In my judgment the different provisions relating to the recovery of costs from the Commission at first instance and on appeal provide a clear indication of Parliament’s intention as to the relevance of the means of the applicant and the LSC in all but exceptional cases. At first instance no application against the LSC is possible unless (since 2003) the successful defendant is an individual who has suffered financial hardship. Thus a successful defendant such as Inntrepreneur is prevented from recovering its costs. On appeal a successful unassisted party may, provided it is just and equitable for it to do so, recover its costs unless the application is made late or there is an order for the assisted party to pay. Thus, at first instance poverty does not normally assist a defendant such as the defendant in this case (and post 2003, will never assist them) whilst, on appeal, strong solvency has never, by itself, prevented the making of an order against the LSC.
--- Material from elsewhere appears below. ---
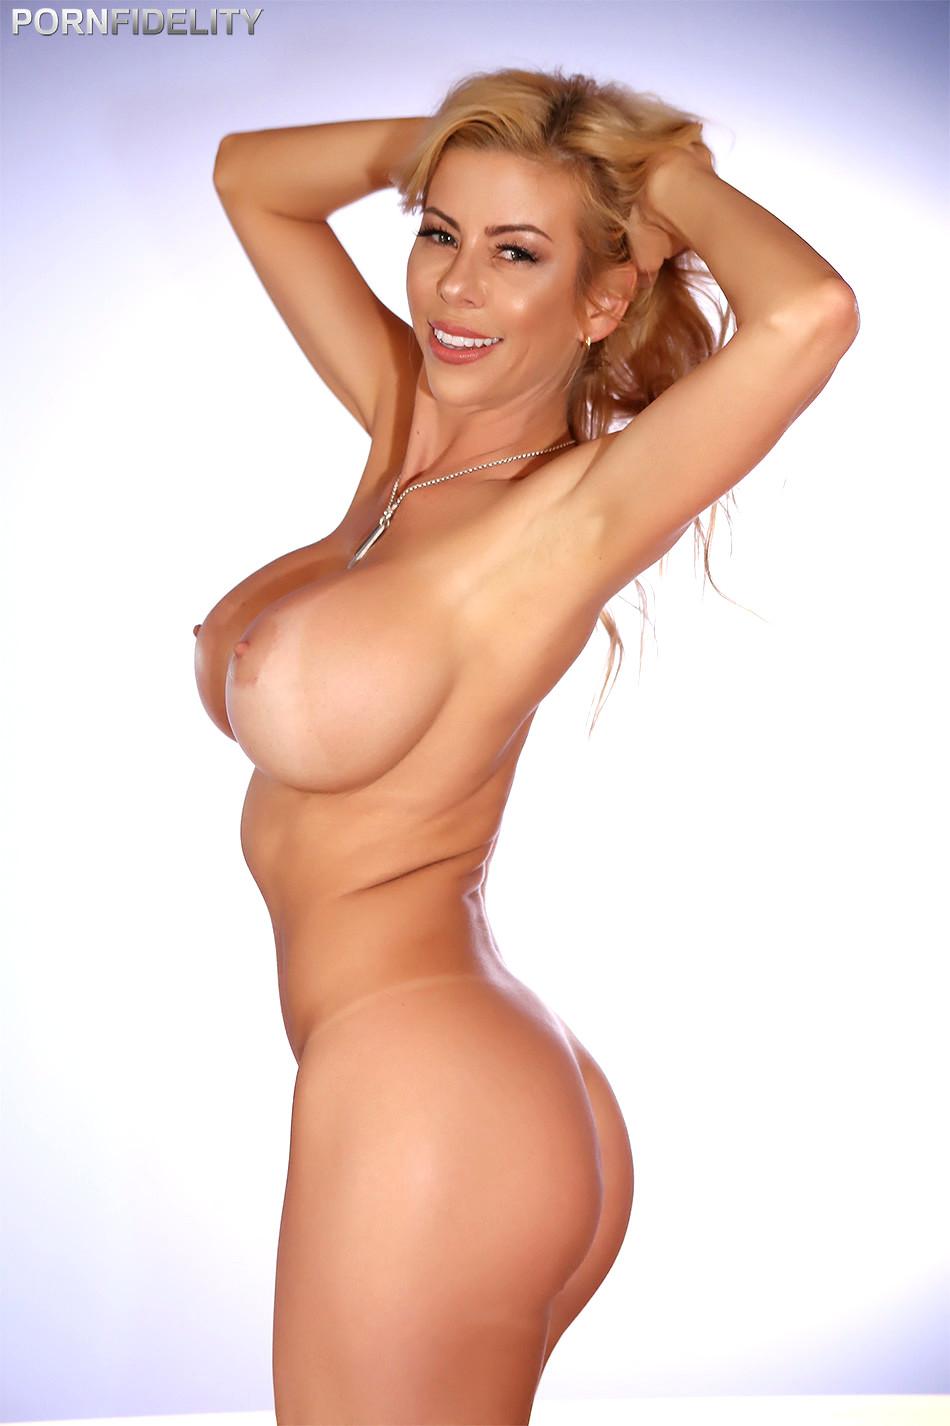 Porn Fidelity Alexis Fawx Unique Pornstars Pussy Sex Hd Pics-2132
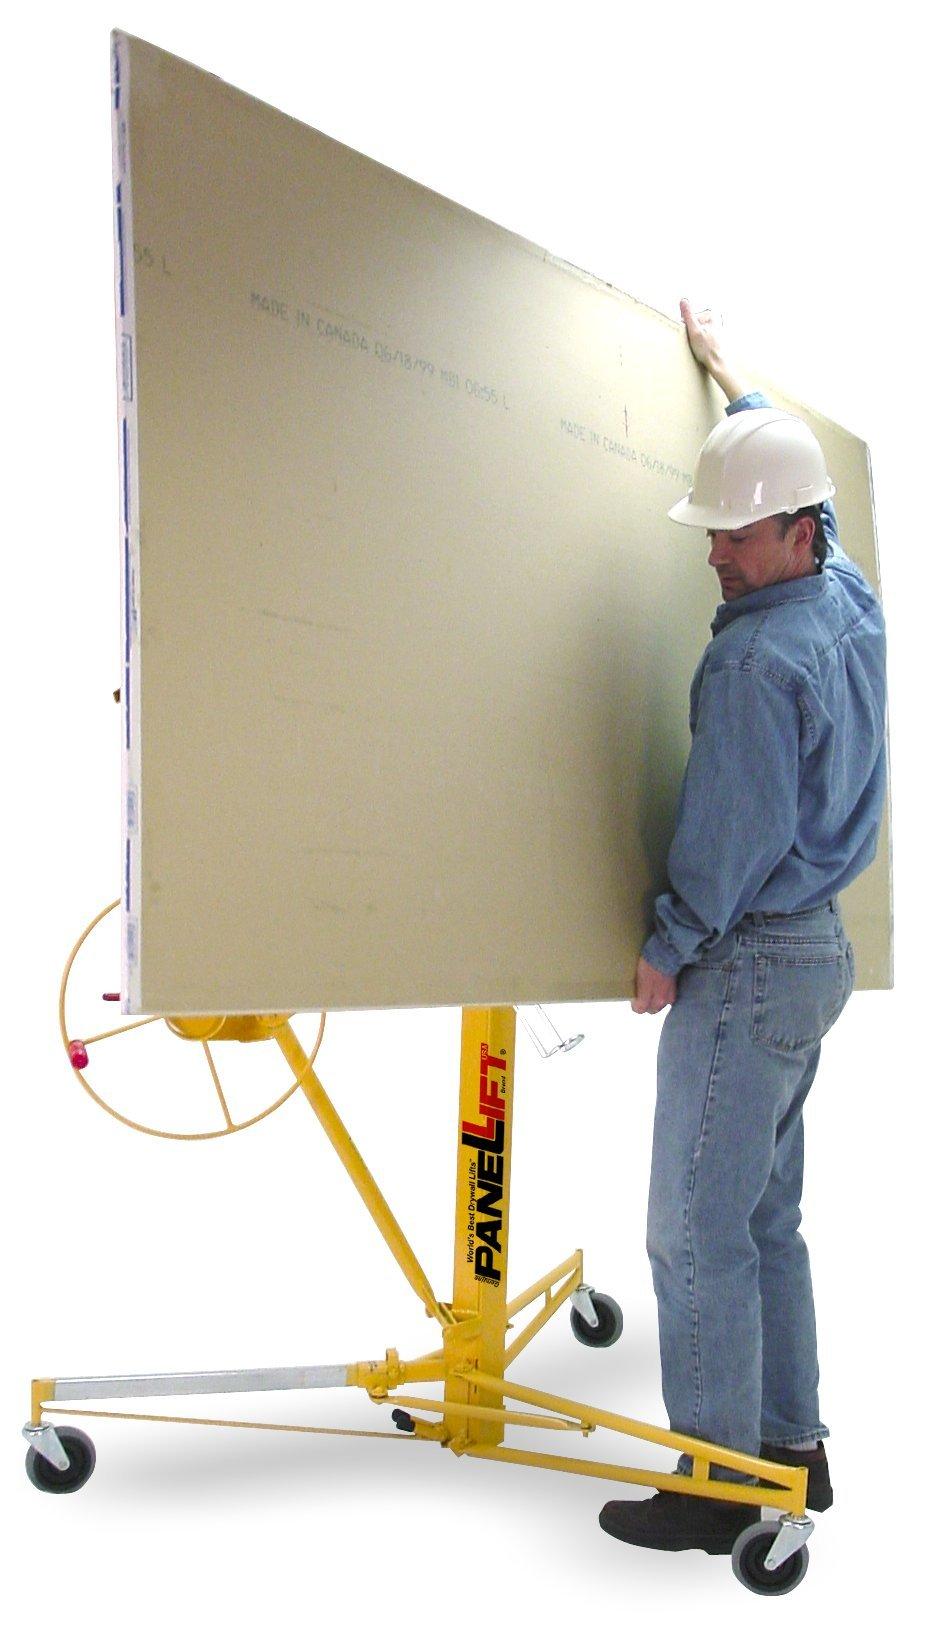 Telpro Inc. PANELLIFT PanelLift Drywall Lifter

Cases Where the House of Lords Refused to Award Costs to the Successful Party

74.

Although it is clear that the House of Lords has, on occasion, been persuaded not to award a successful unassisted party its costs in the Court of Appeal, whilst awarding them in the House of Lords, the two authorities cited, Saunders and Din, do not in my judgment greatly assist. In Saunders the building society was able to add its costs to its security, added to which it was the building society which had initiated the appeal in the Court of Appeal. In Din no indication is given in the note as to the reason why costs in the Court of Appeal were not awarded.

75.

As Mr Pooles points out the Defendants in these proceedings were Respondents in the Court of Appeal, and were originally Defendants before Park J; and indeed had tried to resolve the matter outside the litigation by approaching the European Commission.

76.

I do not accept that the terms of the Inntrepreneur lease led inevitably to this litigation. The squeeze put on the tenants by the terms of the new lease was exacerbated by the recession. The judgment of Park J makes it clear that large numbers of tenants were interested in the lease, and that a significant number made a success of the business. I accept Mr Pooles submission (at paragraphs 67 and 68 above) that, even if it could be said that the claim at first instance was the inevitable result of the new lease, the same cannot be said for the appeals to the Court of Appeal, or indeed the House of Lords.

77.

For the reasons I have given, taking into account all the circumstances, I am of the view that it would be unjust and inequitable if Inntrepreneur were not to recover their reasonable costs in the Court of Appeal from the Commission. The Defendants were Respondents in the Court of Appeal, and had originally been Defendants before Park J at first instance. They had attempted to avoid the litigation by engaging (unproductively) with the Commission (see judgment of Park J at 47 (ii)). There has been no sustainable criticism of the Defendants’ conduct. The Defendants’ ultimate success was based on exactly the same grounds on which they were successful at first instance.

78.

Given the decisions which I have set out, there is no basis for the making of a partial order in respect of the costs of the Court of Appeal.